**RECORDED DATA:**
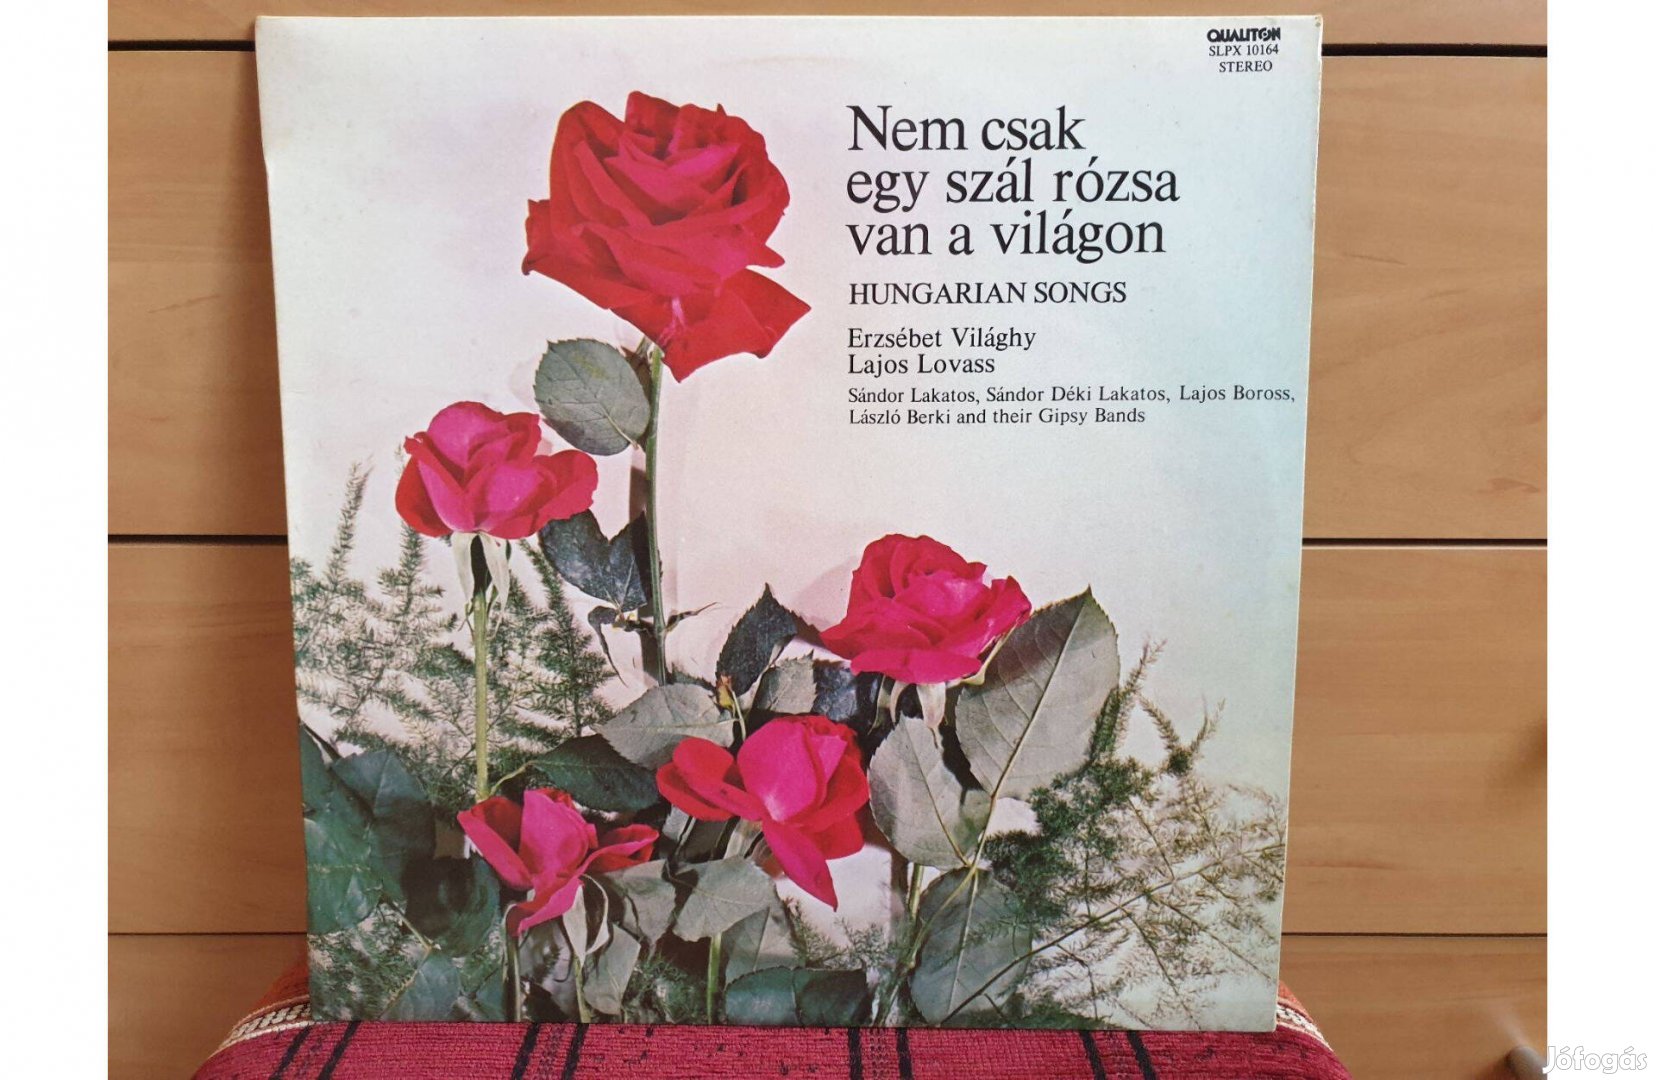 Nem csak egy szál rózsa. hanglemez bakelit lemez Vinyl
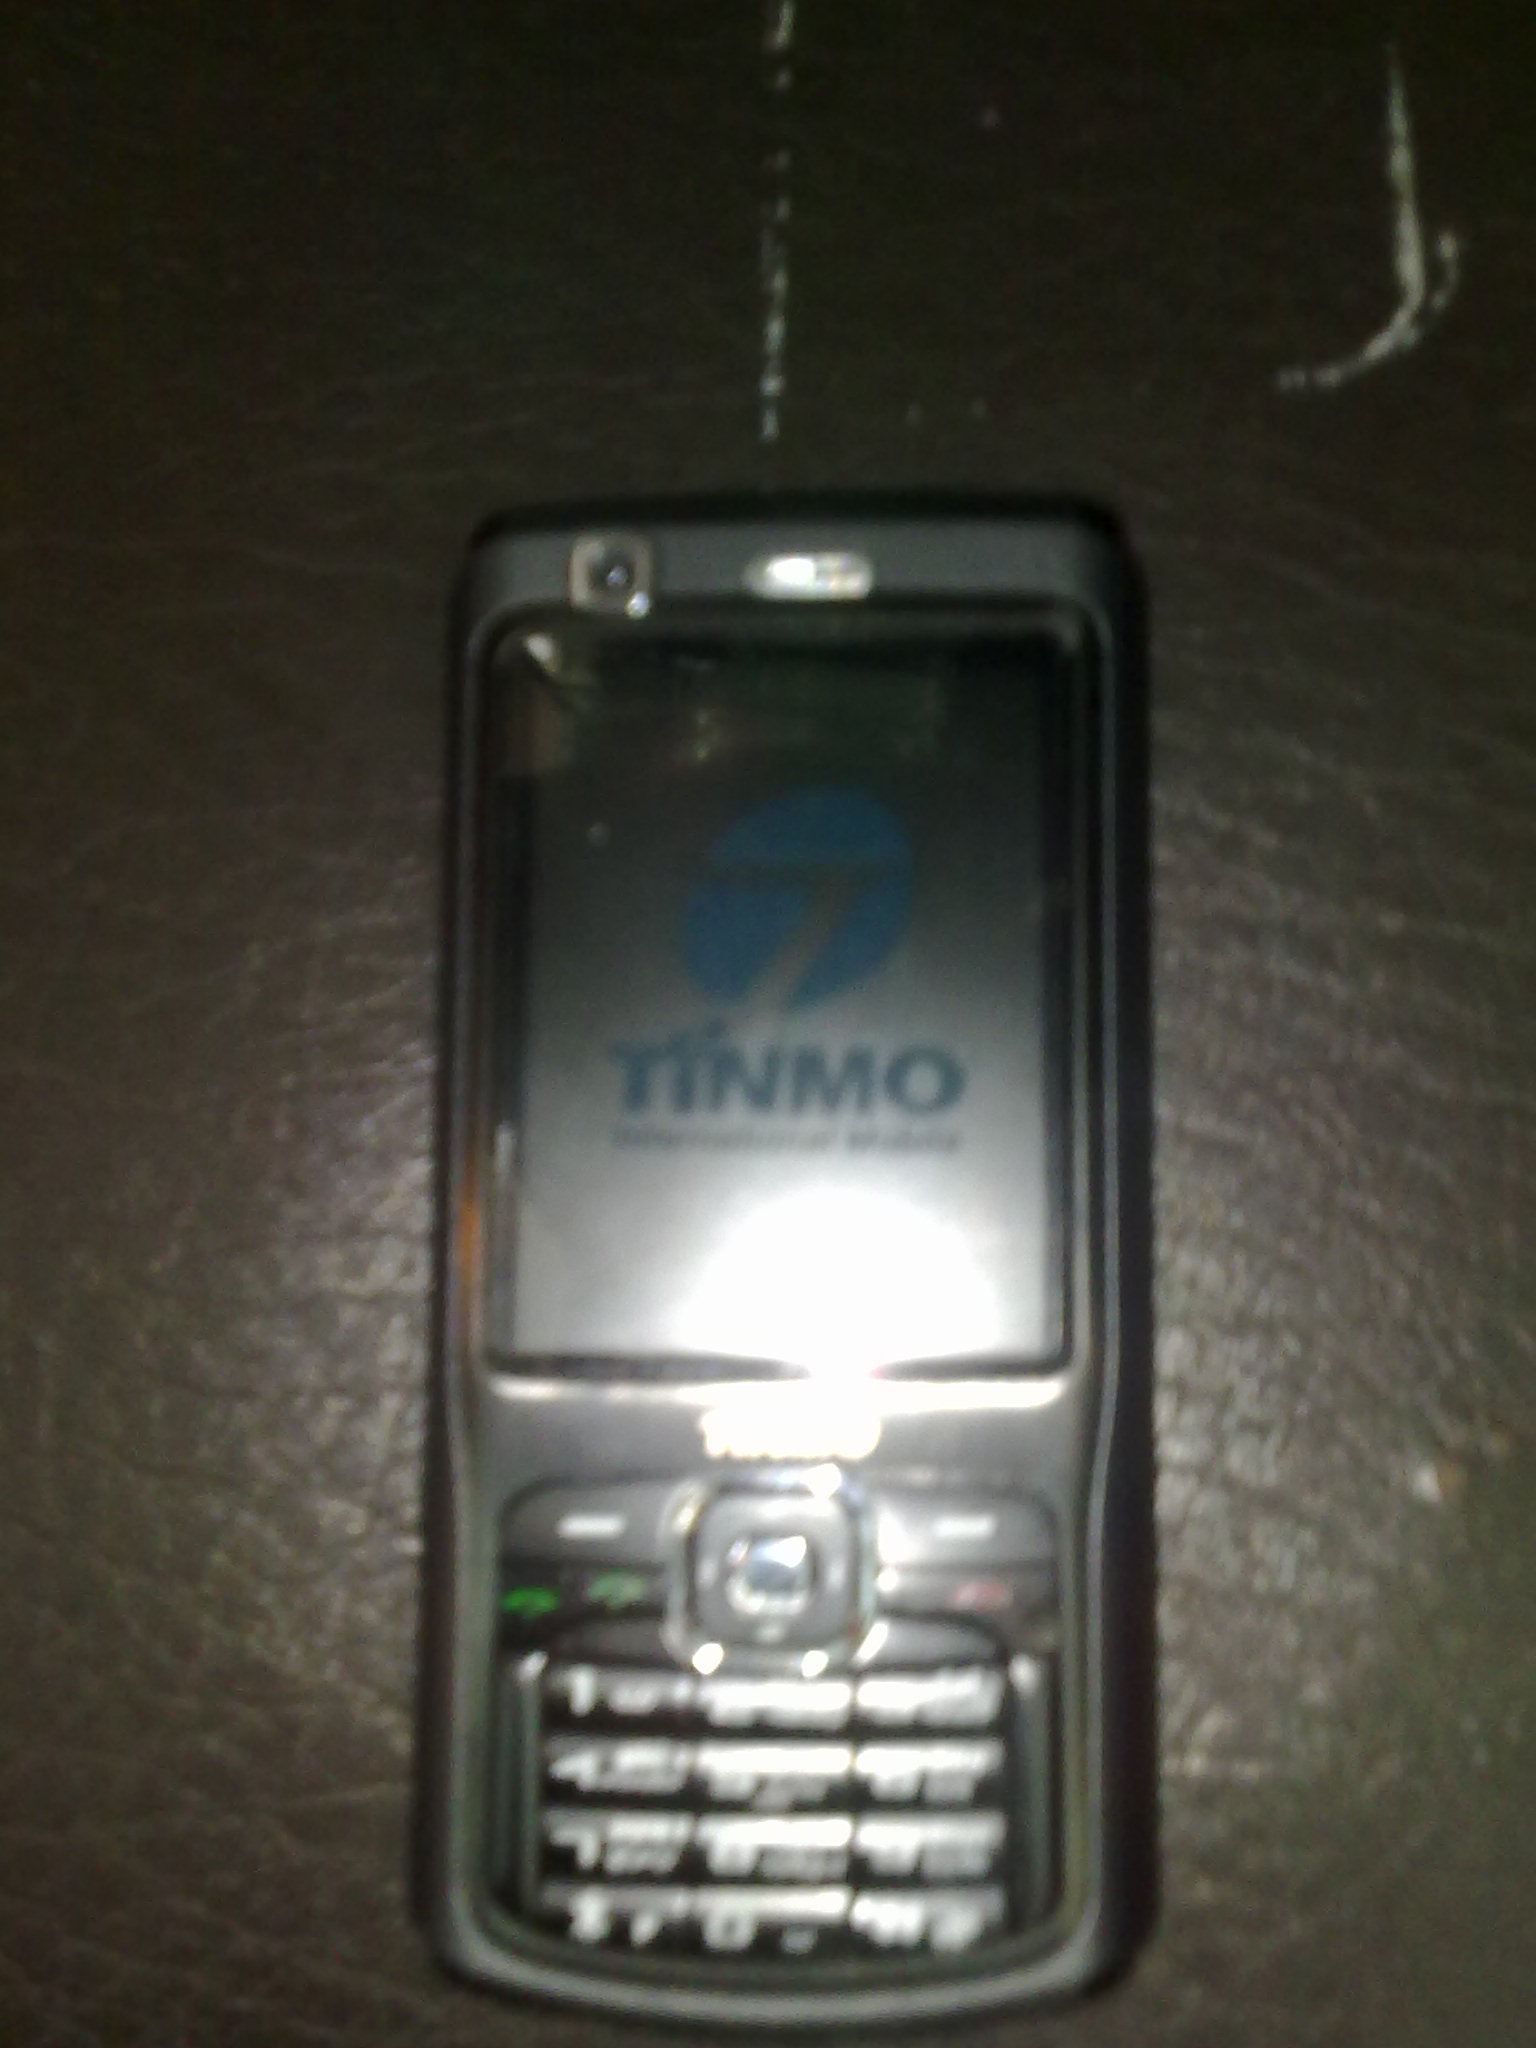     N70 F900 TINMO
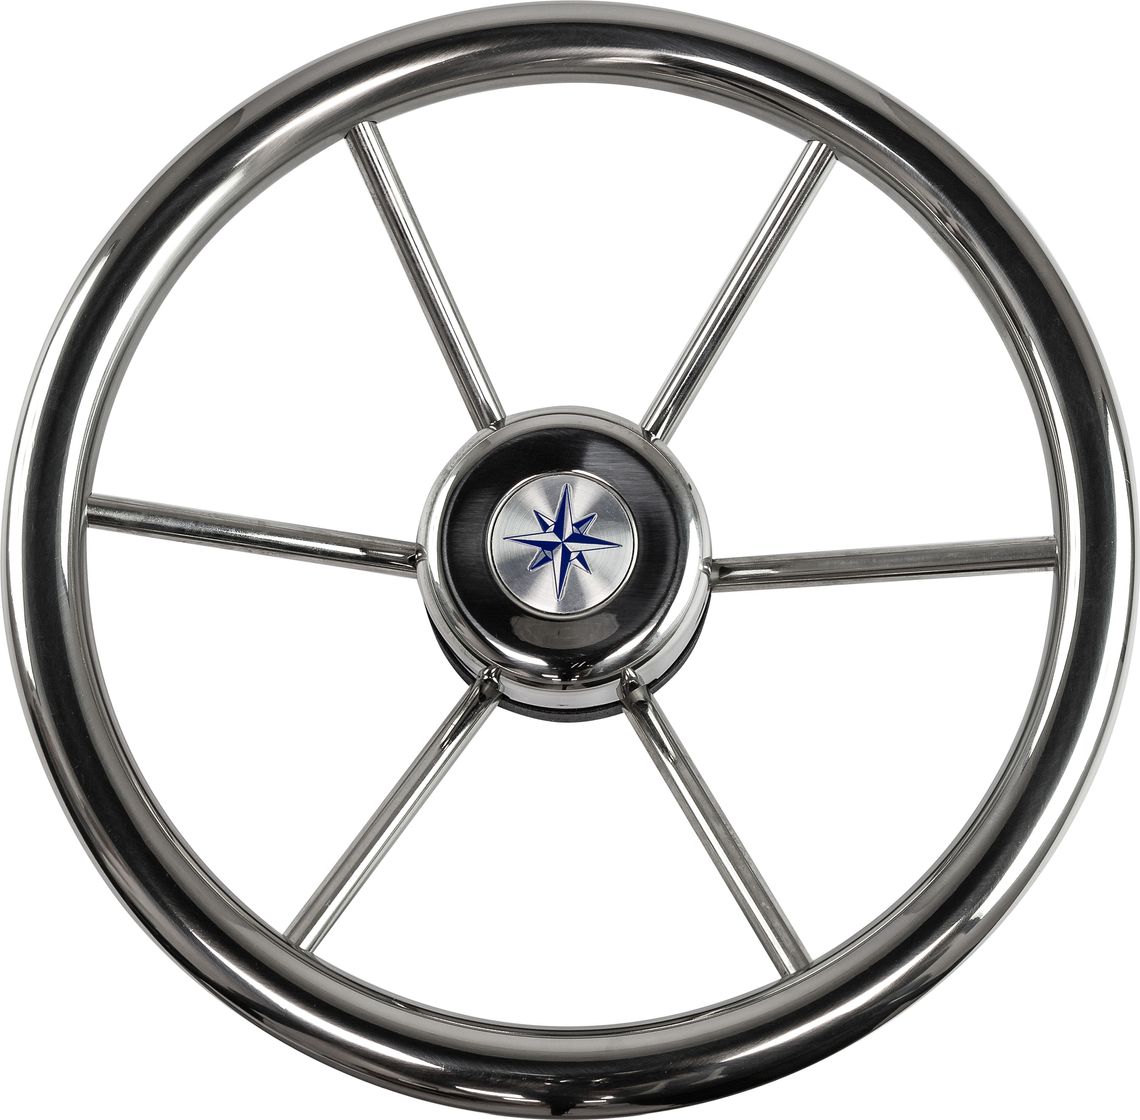 Рулевое колесо LEADER INOX нержавеющий обод серебряные спицы д. 320 мм VN7332-22 колесо для тачки variant 12110 камерное 4 80 4 00 8 с подшипником 20 мм обод металл к99 2

**TASK BRIEF:**
Would you copy out all the data exactly, without the images?

**WRITTEN RESPONSE:**
 Nem csak egy szál rózsa. hanglemez bakelit lemez Vinyl
     N70 F900 TINMO
 Рулевое колесо LEADER INOX нержавеющий обод серебряные спицы д. 320 мм VN7332-22 колесо для тачки variant 12110 камерное 4 80 4 00 8 с подшипником 20 мм обод металл к99 2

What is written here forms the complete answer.